Адвокат Лены Степановой попробовал “сделать заход” с другой стороны.

– Ваша честь, хочу еще раз обратить ваше внимание на то обстоятельство, что в машину мою подзащитную затащил не подсудимый, не Виктор Кондрашкин, а другой мужчина, то есть там фактически был второй соучастник преступления. После того, как машина оказалась на самой окраине города, в укромном, безлюдном месте, этот второй мужчина перетащил Лену на переднее сиденье и ушел. Я ссылаюсь на приобщенные к уголовному делу показанию потерпевшей Лены Степановой, моей потерпевшей.

Однако судья спокойно и уверенно пресекла и эту попытку “диверсионных действий”.

– Уважаемый господин адвокат! В материалах дела фигурирует только один обвиняемый, в них нет ни одного упоминания о втором соучастнике. Так что нам приходится работать с теми документами, которые представило следствие и прокуратура.

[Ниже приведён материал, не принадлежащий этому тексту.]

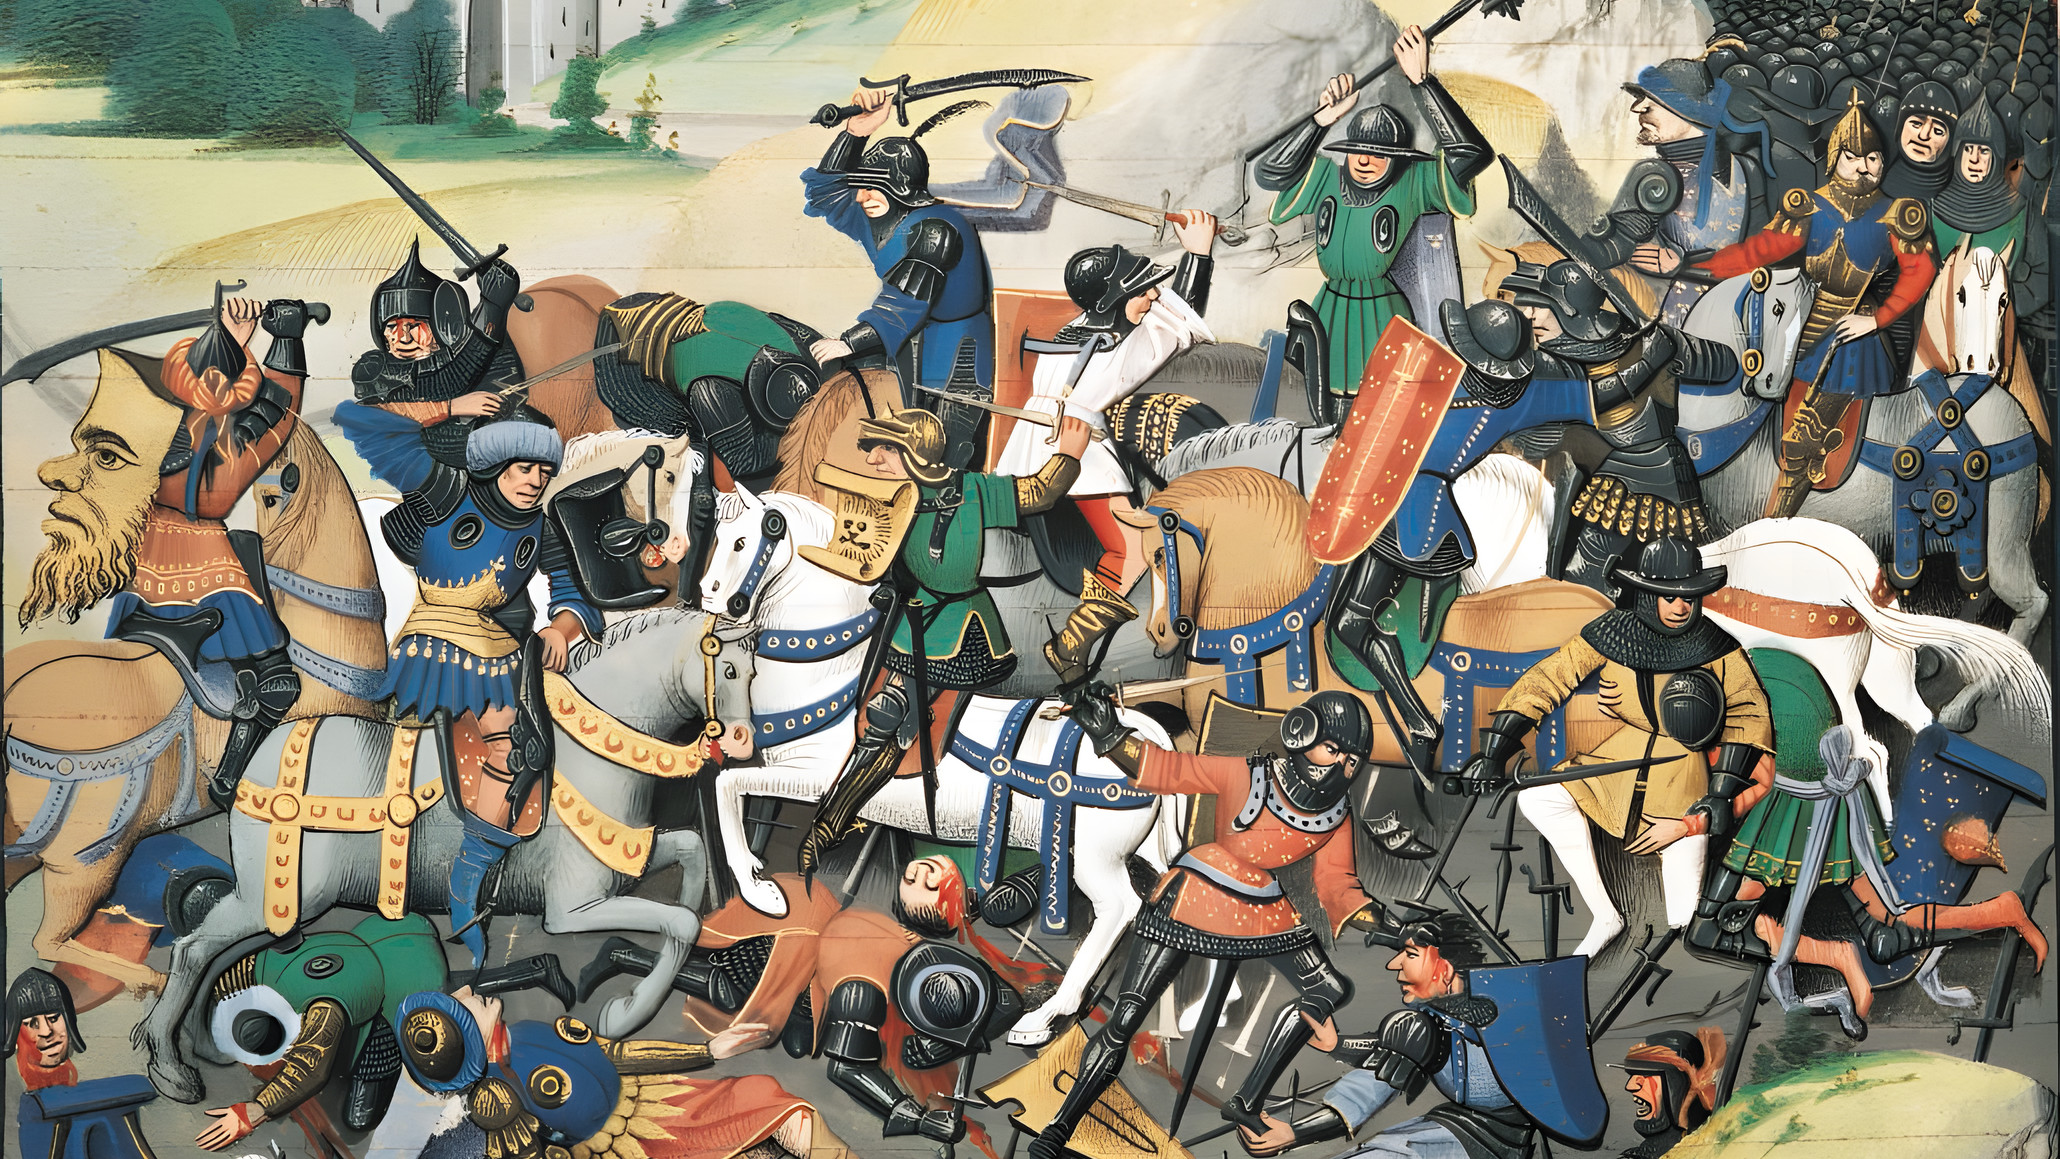 European knights battle Seljuq Turks outside the walls of Antioch. The city was a stronghold blocking the Crusaders’ way to the Holy Land.

Когда пришло время для дачи показаний Лены Степановой, оказавшейся, по стечению обстоятельств, единственной потерпевшей по делу, и она подошла к трибуне, все взоры непроизвольно обратились в сторону железной клетки, в которой сидел подсудимый Виктор Кондрашкин. Он сразу же преобразился, весь как-то напрягся, резко встал со своей скамьи, прижался всем телом к прутьям, изо всех сил сжимая их руками, стал громко вдыхать и выдыхать воздух, сопеть. Глаза его, которые он предпочитал держать закрытыми или опущенными долу, вдруг широко раскрылись и готовы были вылезти из орбит; они горели лютой ненавистью, казалось, ненависть живет даже в его шумном, грозном и злобном дыхании. Трудно было поверить, что всего лишь каких-нибудь пять минут назад он жалобным, слезливым тоном, понурив голову, полностью признавал свою вину, клятвенно обещал, что никогда больше не провинится перед людьми и перед Богом, просил суд поскорее вынести ему приговор и при этом проявить к нему снисхождение ввиду того, что у него семья, что на его иждивении находятся престарелые и больные родители, жена и две дочери.

– Вам доводилось когда-нибудь видеть волка в овечьей шкуре? – иронично прошептал прокурор адвокату потерпевшей стороны. – Если нет, то ловите момент, вот он, перед вами.

– А вам когда-нибудь доводилось видеть, как плачет крокодил? – в тон ему прошептал защитник. – Если не доводилось, то вот он, в клетке.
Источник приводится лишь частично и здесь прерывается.